A collection of value codec factories using standard lib tools.

>>> json_codec = ValueCodecs.json()  # call the json codec factory
>>> encoder, decoder = json_codec
>>> encoder({'b': 2})
'{"b": 2}'
>>> decoder('{"b": 2}')
{'b': 2}

The json_codec object is also a Mapping value wrapper:

>>> backend = dict()
>>> interface = json_codec(backend)
>>> interface['a'] = {'b': 2}  # we write a dict
>>> assert backend == {'a': '{"b": 2}'}  # json was written in backend
>>> interface['a']  # but this json is decoded to a dict when read from interface
{'b': 2}

In order not to have to call the codec factory when you just want the default, we’ve made a default attribute that contains all the default codecs:

>>> backend = dict()
>>> interface = ValueCodecs.default.json(backend)
>>> interface['a'] = {'b': 2}  # we write a dict
>>> assert backend == {'a': '{"b": 2}'}  # json was written in backend

For times when you want to parametrize your code though, know that you can also pass arguments to the encoder and decoder when you make your codec. For example, to make a json codec that indents the json, you can do:

>>> json_codec = ValueCodecs.json(indent=2)
>>> backend = dict()
>>> interface = json_codec(backend)
>>> interface['a'] = {'b': 2}  # we write a dict
>>> print(backend['a'])  # written in backend with indent
{
  "b": 2
}

b64 = <module 'base64' from '/opt/hostedtoolcache/Python/3.10.17/x64/lib/python3.10/base64.py'>

class default[source]: To contain default codecs. Is populated by @_add_default_codecs

io = <module 'io' from '/opt/hostedtoolcache/Python/3.10.17/x64/lib/python3.10/io.py'>

class methodcaller

methodcaller(name, …) –> methodcaller object

Return a callable object that calls the given method on its operand. After f = methodcaller(‘name’), the call f(r) returns r.name(). After g = methodcaller(‘name’, ‘date’, foo=1), the call g(r) returns r.name(‘date’, foo=1).
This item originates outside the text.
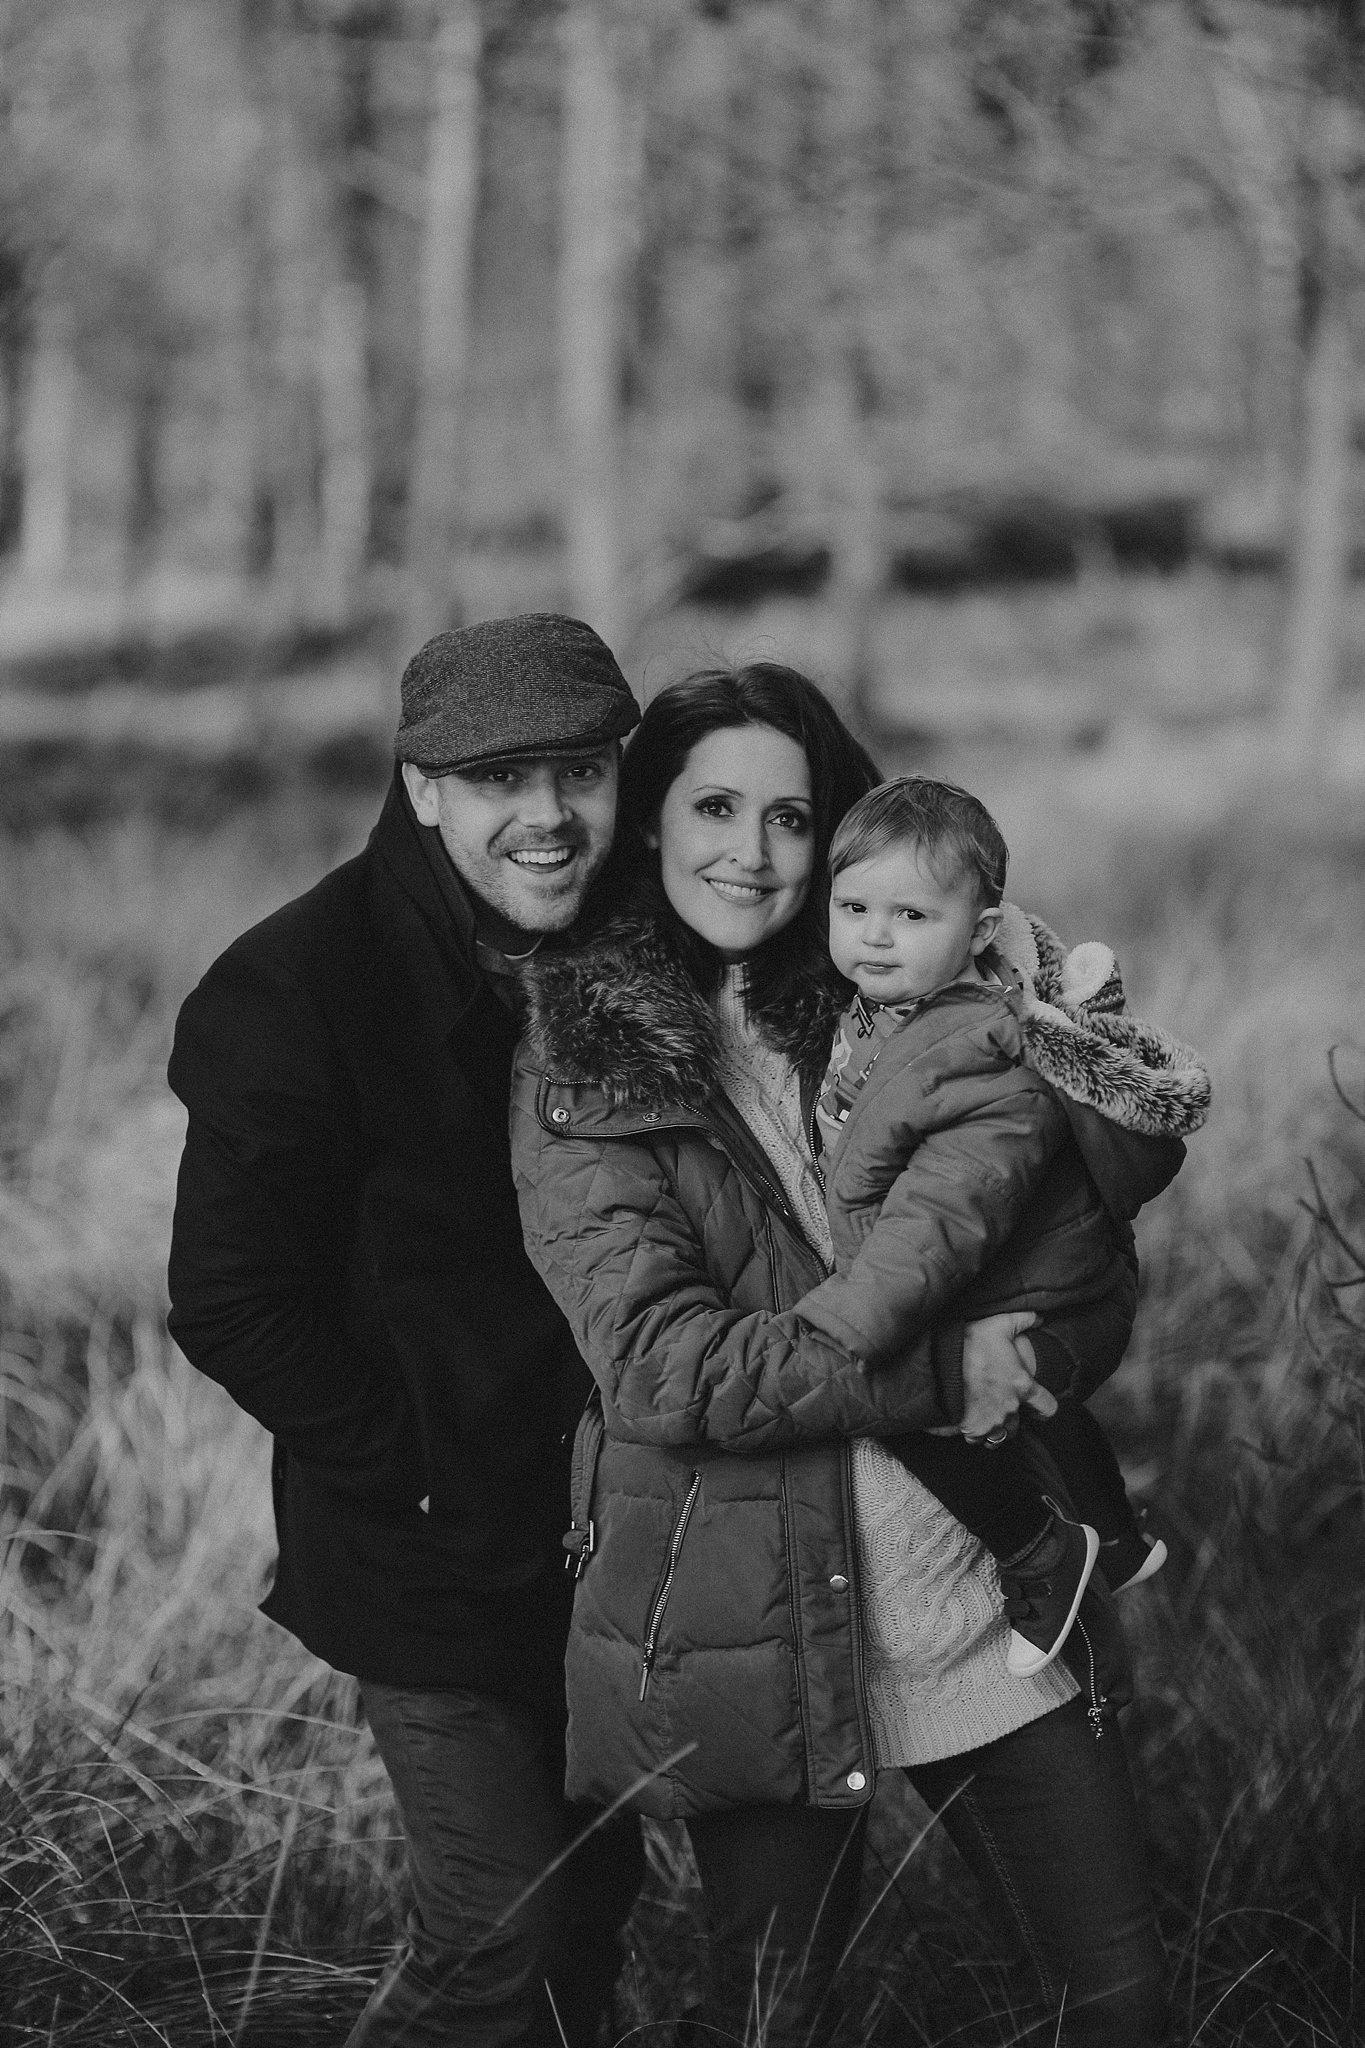 Sheffield_Family_Photography_0021.jpg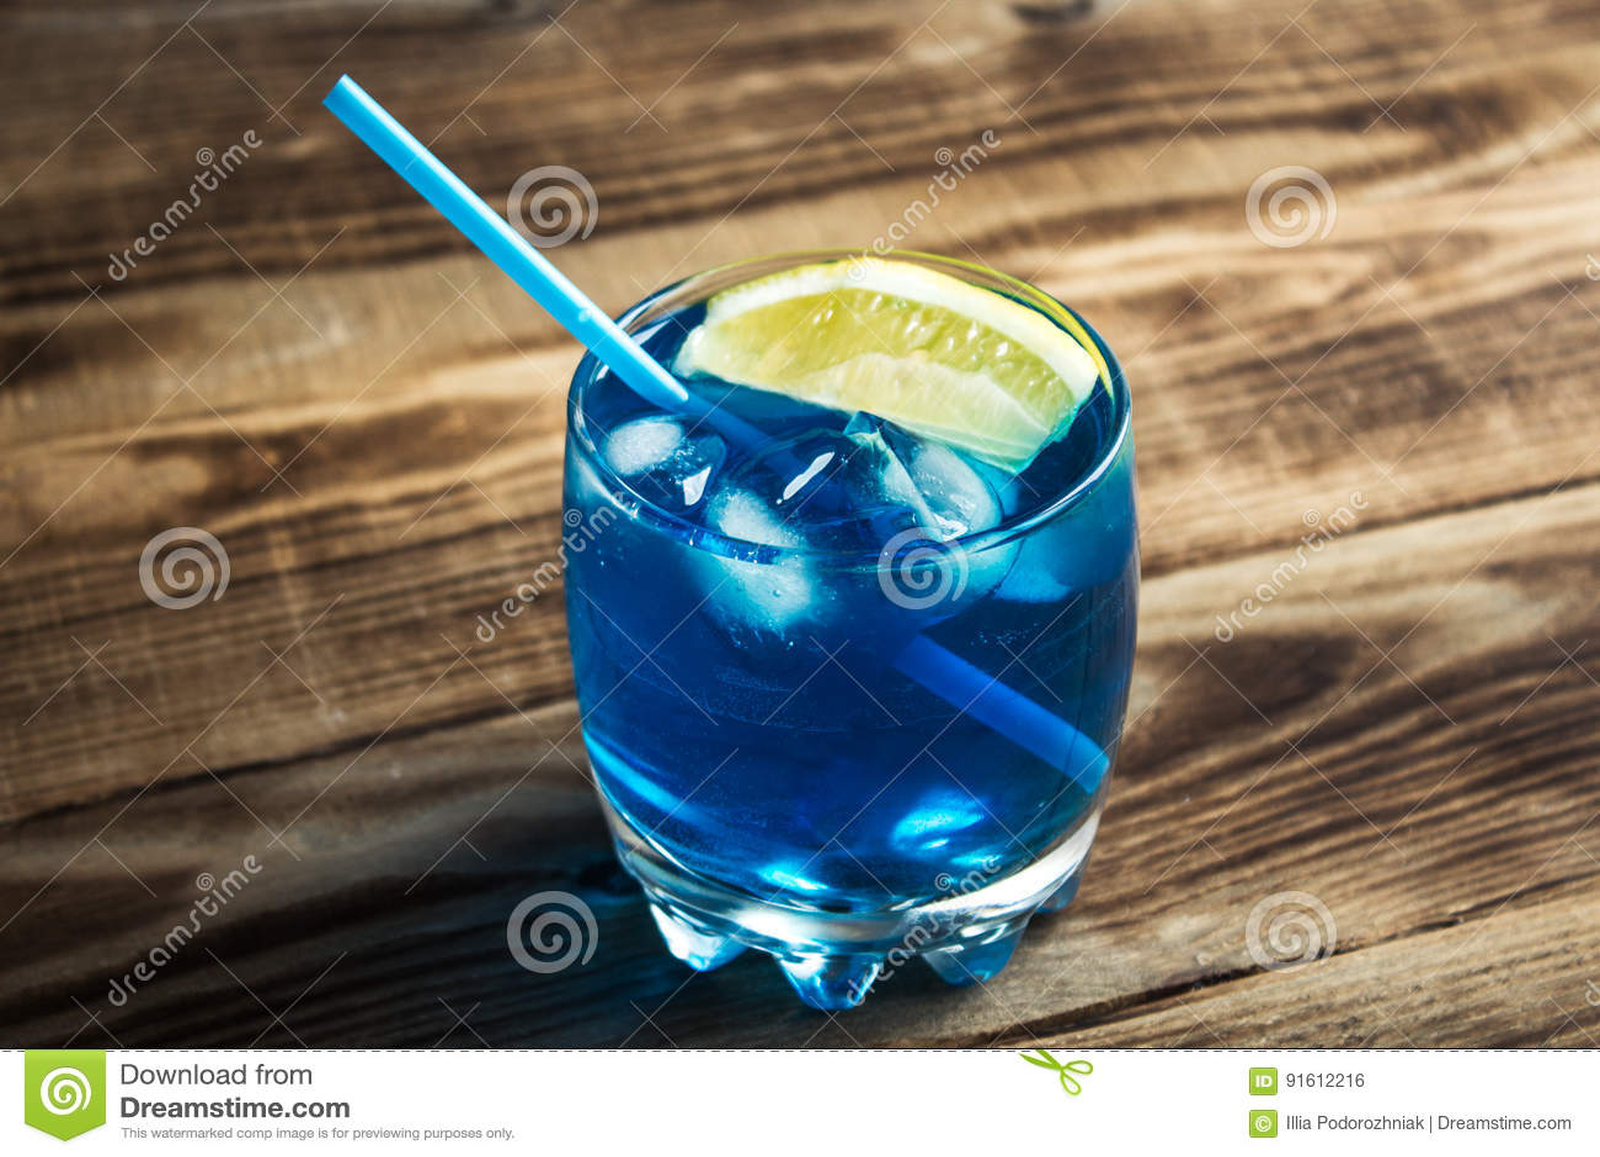 Lichtblauwe alcoholische drankcuracao likeur

single_nested_value()[source]

>>> d = {
...     1: {'en': 'one', 'fr': 'un', 'sp': 'uno'},
...     2: {'en': 'two', 'fr': 'deux', 'sp': 'dos'},
... }
>>> en = ValueCodecs.single_nested_value('en')(d)
>>> en[1]
'one'
>>> en[1] = 'ONE'
>>> d[1]  # note that here d[1] is completely replaced (not updated)
{'en': 'ONE'}

tuple_of_dict()[source]

Get a tuple-view of dict values.

>>> d = {
...     1: {'en': 'one', 'fr': 'un', 'sp': 'uno'},
...     2: {'en': 'two', 'fr': 'deux', 'sp': 'dos'},
... }
>>> codec = ValueCodecs.tuple_of_dict(['fr', 'sp'])
>>> codec.encoder(['deux', 'tre'])
{'fr': 'deux', 'sp': 'tre'}
>>> codec.decoder({'en': 'one', 'fr': 'un', 'sp': 'uno'})
('un', 'uno')
>>> frsp = codec(d)
>>> frsp[2]
('deux', 'dos')
>>> ('deux', 'dos')
('deux', 'dos')
>>> frsp[2] = ('DEUX', 'DOS')
>>> frsp[2]
('DEUX', 'DOS')

Note that writes completely replace the values in the backend dict, it doesn’t update them:

>>> d[2]
{'fr': 'DEUX', 'sp': 'DOS'}

See also dol.KeyTemplate for more general key-based views.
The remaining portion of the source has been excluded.